Mita has acted in plays like August Osage County, Jug Jug Jiyo, Agnipankh and Aarohi , travelling extensively with them. However, she finds that some of the stage directors she has worked with, have a chalta hai attitude to the aesthetics of theatre. “I think there should be excellence in every department. The director says, the story is strong enough, nobody is going to notice if the lights or sets are not so; why would you not take care of these aspects of a performance? The Natya Sastra talks about aharya (decorative elements) too along with angik and vachik.

“People are not happy with you, give them something they have not imagined; it threatens them, their sense of power. Therefore they want to find ways of controlling or diminishing it. I read that Meryl Streep had a really bad time in drama school, because there would be directors who harassed her — they understood that a lot of what she was doing, they could not take credit for. I find it distressing to deal with issues of ego and power play. In fact what I love about doing theatre when I am the boss, is how much I sublimate my ego. When you are in charge, it is a place of enormous giving and generosity — I personally cannot keep a team together, unless these elements are in place. But many directors like the actor to be subservient and obsequious to them.”

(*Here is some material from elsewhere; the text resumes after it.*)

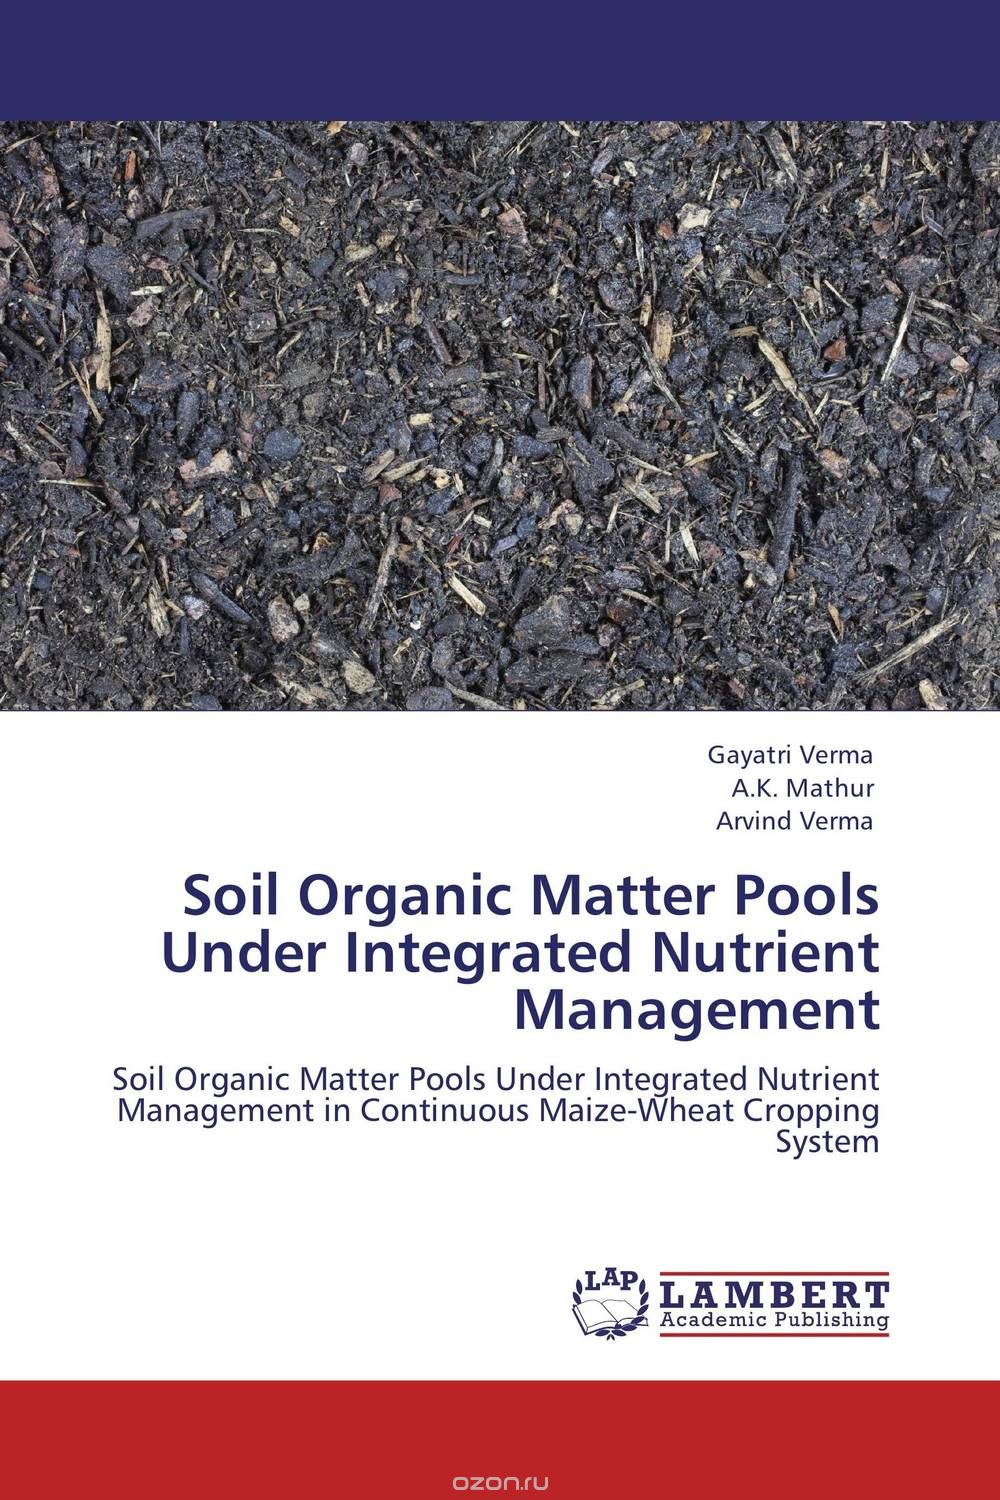 Скачать книгу "Soil Organic Matter Pools Under Integrated Nutrient Management"
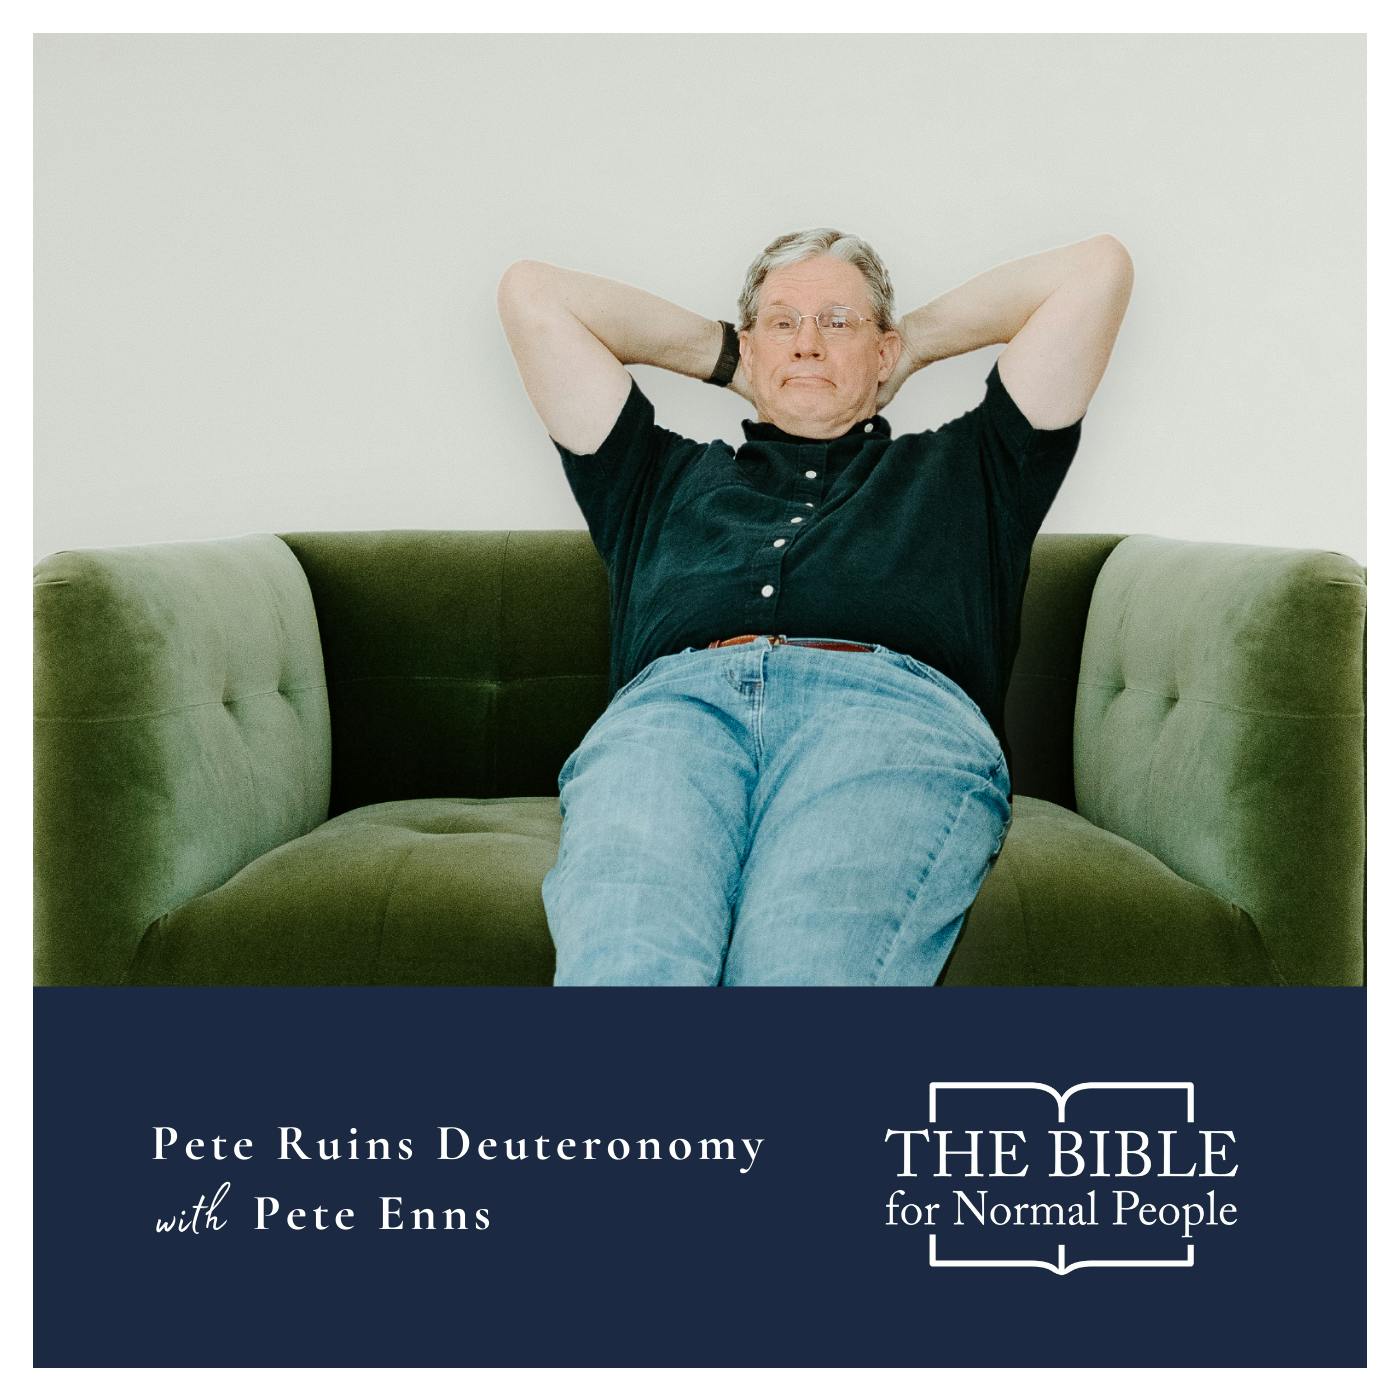 Episode 218: Pete Enns - Pete Ruins Deuteronomy

When Mita was selected to study at the National School of Drama, there was a psychology test in which they were asked to visualise which rung of a ladder they see themselves on when they start and where they see themselves three years later. “I put myself on rung two at the beginning, because I had done Masters in Literature, and theatre for a year, and after three years, I put myself on rung three, because it was just the beginning of the journey. I knew that those three years would be, for me, a space to explore what I am capable of. So I attended every class and every workshop, whether it was miniature painting, sculpture, poetry, martial arts, mime, dance — I understood even then, that acting was not just being on stage and saying your lines, it was a way of life. For me the world of acting was a place where every other branch of learning had a space that I could attach myself to, and detach at will. In order to do that, I had to access every aspect of the performer’s art. Between 1984 and 1987, we had the most marvelous minds as teachers, who were legends in their fields. Nibha Joshi, who taught aesthetics, told me in the first year, ‘You have a very fine brain and intellect, but you have to learn to be stupid. You have to bring your other senses into play and not just use the mind.’ It took me three years to reach that stage, when all the research was inside — I could write a thesis on every role I did — but the performance was free of that; it was just about the body.”

Mita believes she would do a lot more theatre, if she were financially stable. “I am also blessed because along with plays, I do films and TV — I am equally proficient in all three. But I love doing theatre, because it allows me to be more complete as a performer than films these days do. It is also much more challenging. It makes me a more rooted person, I feel like there is a reason why I am in this world.”